_The data:_
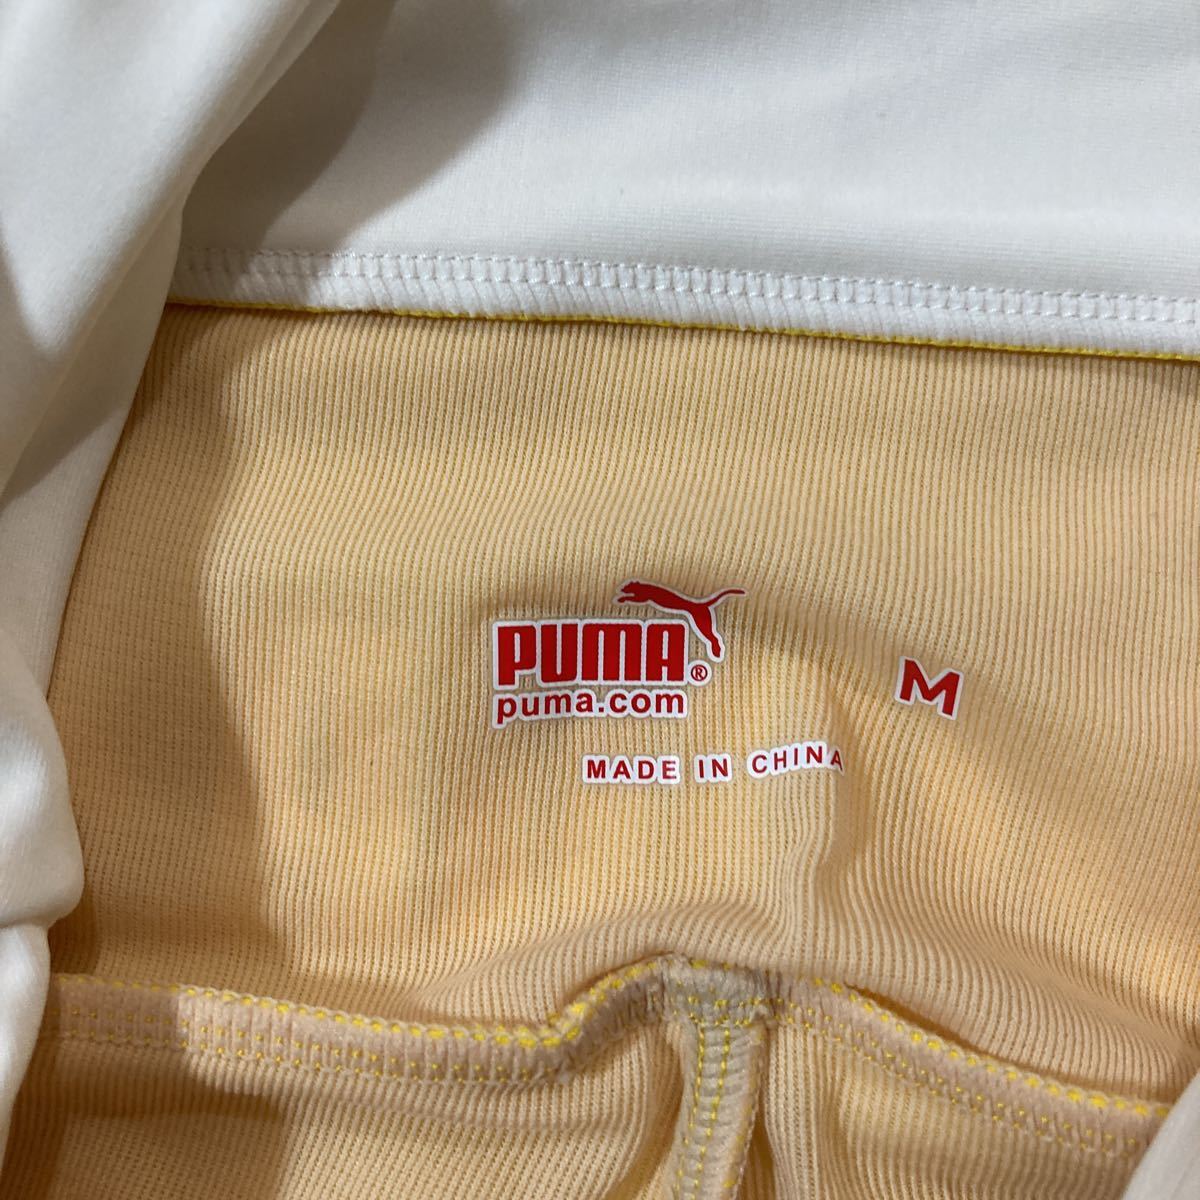 PUMA Puma купальный костюм Rush Guard верх и низ в комплекте выставить M размер желтый цвет белый женский 
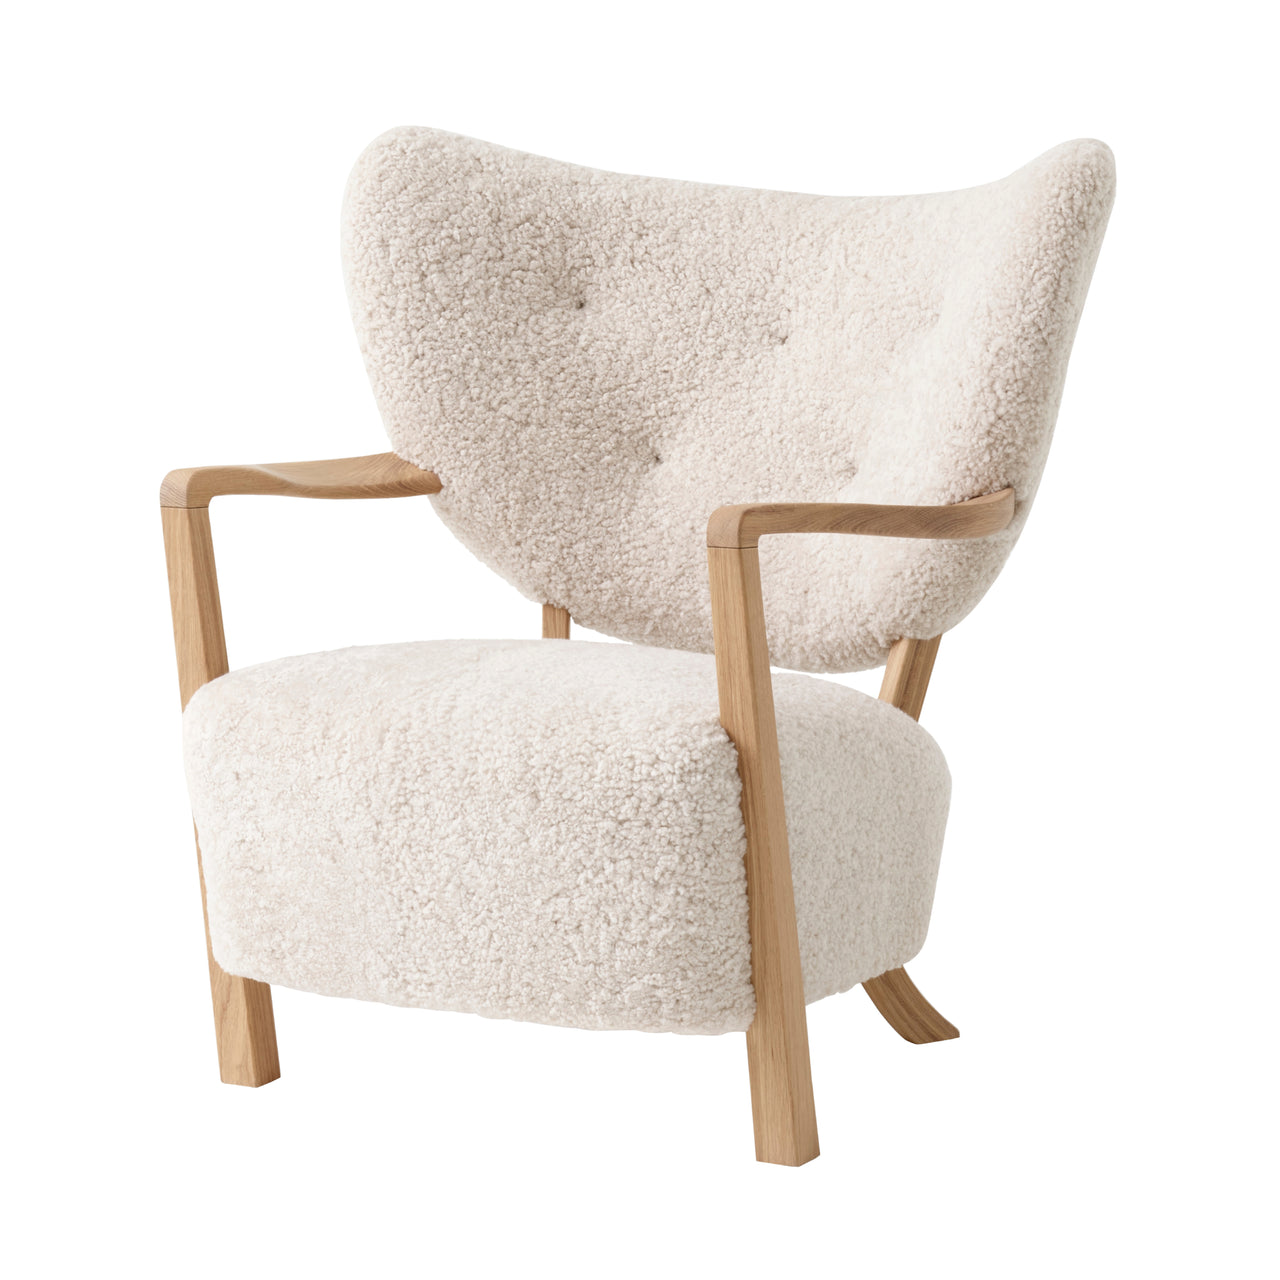 Wulff Lounge Chair ATD2: Oak + Sheepskin Moonlight
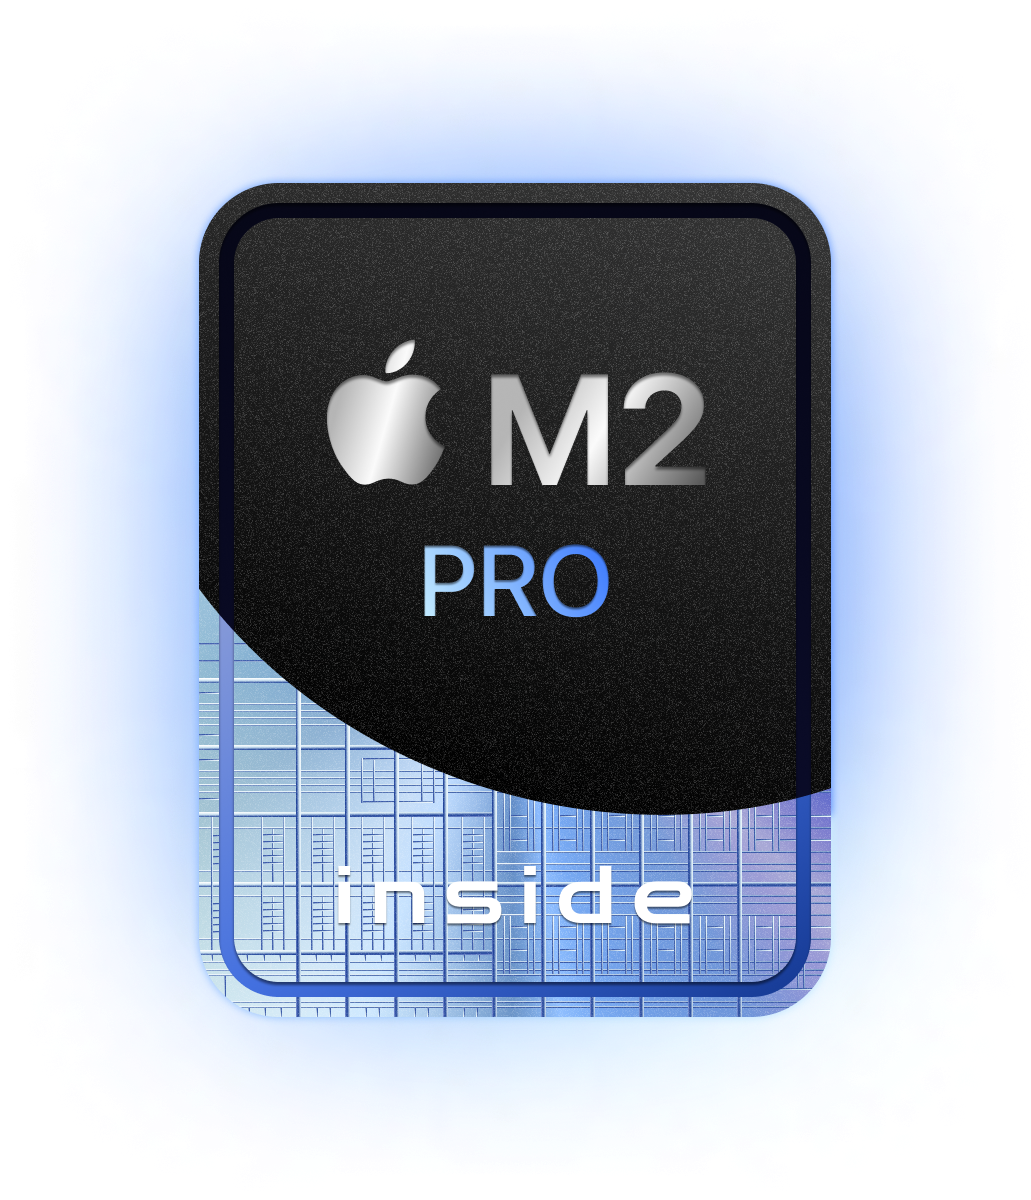 M2 Pro
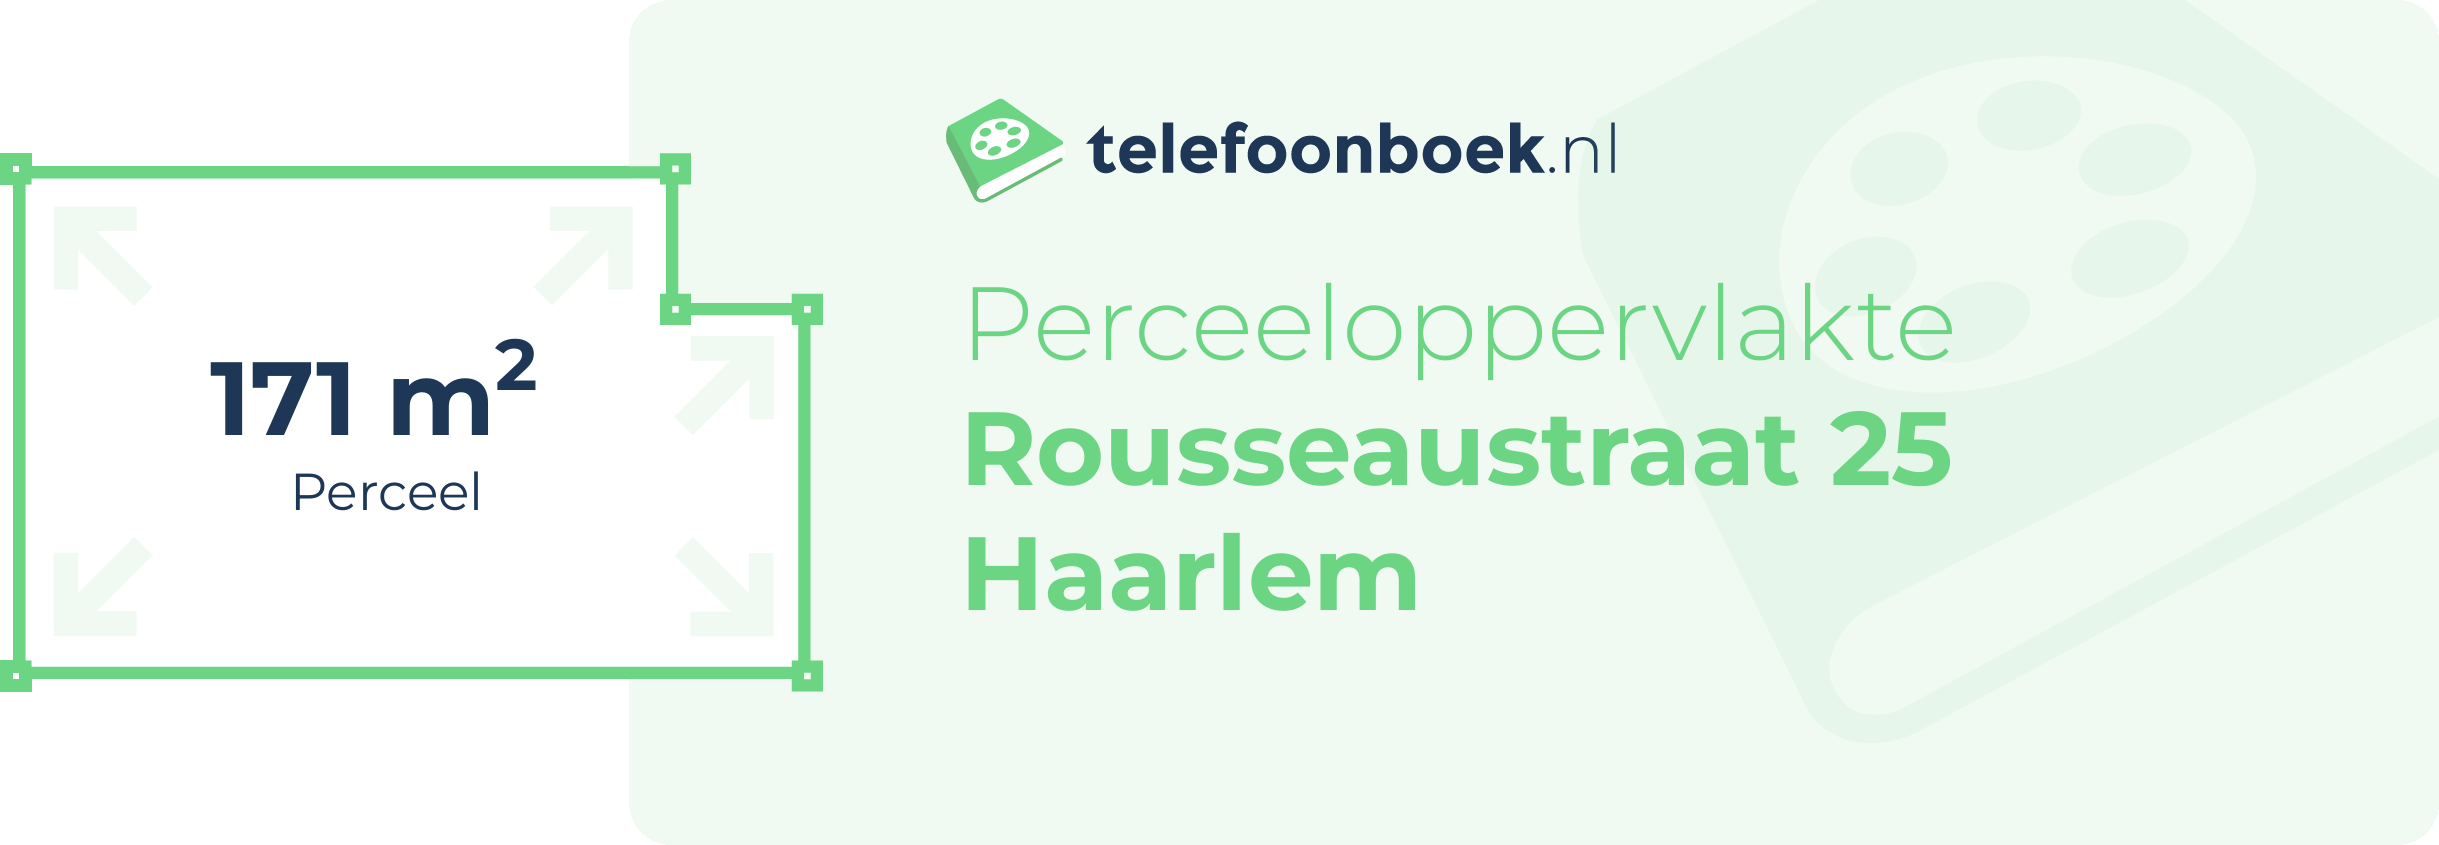 Perceeloppervlakte Rousseaustraat 25 Haarlem

_What to produce:_
What you return should be all of the material above, exactly, and none of its pictures.

_Solution to this exercise:_
 PUMA Puma купальный костюм Rush Guard верх и низ в комплекте выставить M размер желтый цвет белый женский 
 Wulff Lounge Chair ATD2: Oak + Sheepskin Moonlight
 M2 Pro
 Perceeloppervlakte Rousseaustraat 25 Haarlem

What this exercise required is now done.